Rationale: The cumulative evidence from the macro themes indicates a consistent pattern of softening labor market conditions, declining consumer demand (especially for lower/middle-income households), and emerging stress in consumer and small business credit. These factors align with the Fed's stated concern about downside risks to employment and financial fragility, which it has demonstrated a willingness to address proactively through rate cuts. While inflation remains somewhat elevated, the Fed has articulated a view that some of this is temporary (tariffs) or part of an ongoing disinflationary trend in services, suggesting increased tolerance for above-target inflation in the near term when employment risks are rising. The easing liquidity backdrop from the ON RRP unwind and conclusion of QT provide a supportive, albeit less direct, easing impulse.

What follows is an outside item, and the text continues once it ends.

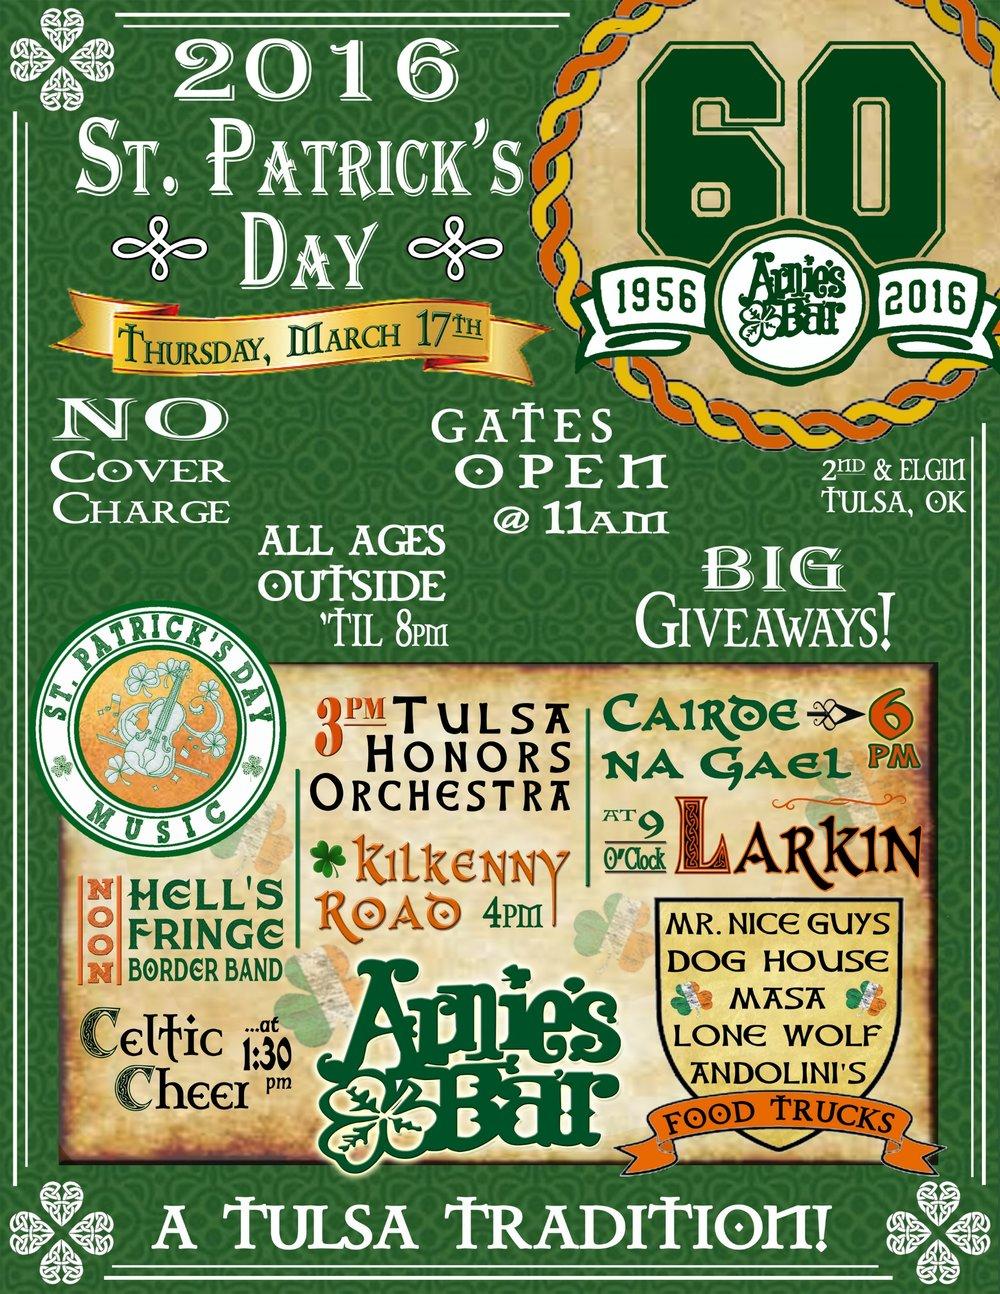 2016 St Patrick's Day Poster.jpg

However, Chair Powell's explicit comments in the October press conference about "strongly differing views" within the Committee regarding a December cut, and that a cut is "not a foregone conclusion," introduce a material probability for a "HOLD" decision. This suggests a faction within the FOMC may prefer to pause and assess the cumulative impact of the previous two cuts (September and October) and the cessation of quantitative tightening (effective December 1), particularly given the lingering inflation and data availability issues due to the government shutdown mentioned by Powell. Despite this internal debate, the prevailing dovish tilt and the Fed's emphasis on risk asymmetry (acting to prevent a sharper employment deterioration) maintain a higher probability for another accommodative move.


Self-healing

  • **High-Value Inputs to Add**
    • NBER Recession Indicator (USREC) data: Crucial for explicit macro cycle phase determination and weighting model calibration.
    • Full historical and current PCE and CPI-PPI data: Essential for robust trend analysis of primary inflation metrics.
    • Real-time Fed balance sheet updates (daily/weekly): Provides faster insights into liquidity dynamics beyond monthly aggregates.
  • **Weaknesses in Provided Inputs**
    • Several data tables (Job Flows, Capex Intent, Metals Tailwind, STLFSI4, BUSLOANS/TOTALSL, M2, SOFR CoT) are either stale, incomplete, inconsistent in frequency, or contain future-dated projections, limiting the accuracy and timeliness of the analysis; ensure comprehensive and current data for all signals.
    • Static diffusion index and potentially ambiguous underemployment score in labor market reports reduce dynamic insight; clarify or provide dynamic metrics and detailed methodology.
    • "Price" column in CoT signal tables lacks explicit definition (e.g., daily/weekly close, futures/spot, currency pair), hindering direct price-signal correlation.
  • **Prompt Gaps or Issues**
    • The prompt requested analysis of "Macro Theme: US Growth & Business Cycle signals (for macro-cycle linkage where provided)," but no explicit, general macro cycle indicator (e.g., NBER Business Cycle Dating Committee data) was supplied to facilitate this linkage beyond individual growth components.